Senate Education committee hears miscellaneous bills

The Senate Education Committee met Thursday, April 11, 2019, and considered a number of mostly unrelated bills.

Members listened to testimony on Senate Bill (SB) 426 by  Sen. Eddie Lucio, Jr. (D-Brownsville), which would ensure a school counselor spends no less than 80 percent of their time on actual counseling, as opposed to monitoring tests and other unrelated duties. ATPE supports this bill.

Members also heard testimony on SB 686 by Sen. Carol Alvarado (D-Houston), which would require high school students to take financial literacy courses.

SB 723 by Sen. Donna Campbell (R-New Braunfels) would require a district to post a superintendent’s annual compensation on its Internet website.

SB 1102 by Sen. Bob Hall (R-Edgewood) is specific to school transfer agreements, and would change “guardian” to person “standing in parental relation to” a child. It would also allow the receiving school district or parent to terminate the agreement at any time during the school year.

SB 1297 by Beverly Powell (D-Burleson) would require uniform general conditions for school district building construction contracts.
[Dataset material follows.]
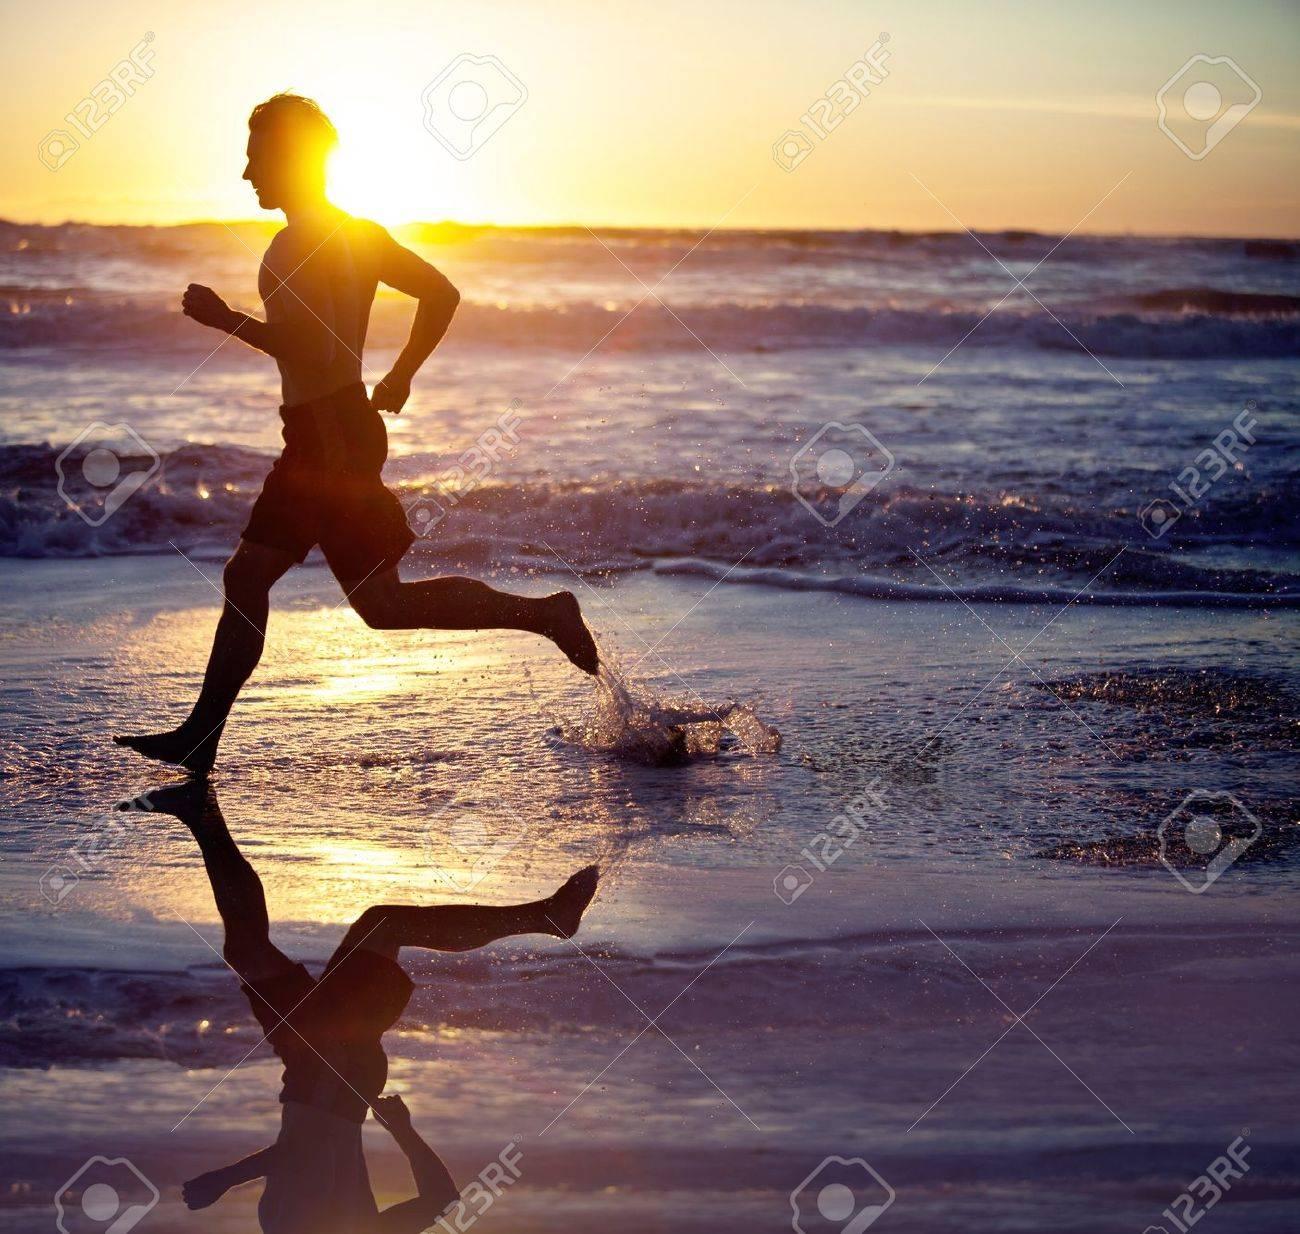 Man running on the beach at sunset - 18304534

SB 1390 by Sen. Jose Menendez (D-San Antonio) would add physical health, mental health, and suicide prevention to the foundation curriculum. It includes corresponding guidance to the State Board of Education (SBOE) and school health advisory committees (SHAC) to include risk factors such as alcohol.

SB 1517 by Sen. Nathan Johnson (D-Dallas) would state that “[t]he commissioner may not refuse to designate a high school campus as an early college high school or revoke or refuse to renew a campus’s designation as an early college high school on the basis of the percentage of educationally disadvantaged students enrolled at the high school campus.”

SB 1746 by Sen. Borris Miles (D-Houston) would add previous incarceration of the student or student’s parent or guardian to the list of factors qualifying a student as being at risk of dropping out.

SB 2075 by Sen. Angela Paxton (R-McKinney) would move some rulemaking authority relating to dyslexia screening from the SBOE to the Texas Education Agency (TEA), specifically in order to monitor and develop remedial strategies.

SB 2135 by Sen. Powell would require information about student offenses that is shared by law enforcement with a superintendent to include whether it is necessary to conduct a threat assessment or prepare a safety plan related to the student.

SB 2282 by Sen. Royce West (D-Dallas) would add mental health to the menu of services that may be provided by a school-based health center. ATPE supports this bill.

The committee also voted to advance the following pending bills:

  • SB 608 is the sunset bill for the School Land Board (SLB), which oversees real estate investments within the General Land Office (GLO) that fund education.
  • SB 1776 would require every high school to offer an elective course on “the founding principles of the United States.”
  • SB 2042 would require a study of career and technology education (CTE) programs. This would include a look at what industries are in demand in each region of the state, and whether the CTE courses being offered by local schools adequately address those demands. The study would recommend the elimination of some courses that do not appear to benefit the workforce. ATPE supports this bill.
  • SB 11 is a major school safety bill heard back in March, which ATPE supported. Members adopted a committee substitute that contained a number of changes, including removing the school safety allotment. Sen. Bob Hall (R-Edgewood) voted against the bill.
  • SB 1323 would require certain students who are awarded dual credit to complete and submit a free application for federal student aid (FAFSA).
  • SB 1453 would allow students to use calculator functions on their cellphones in lieu of traditional graphing calculators, which would no longer be required.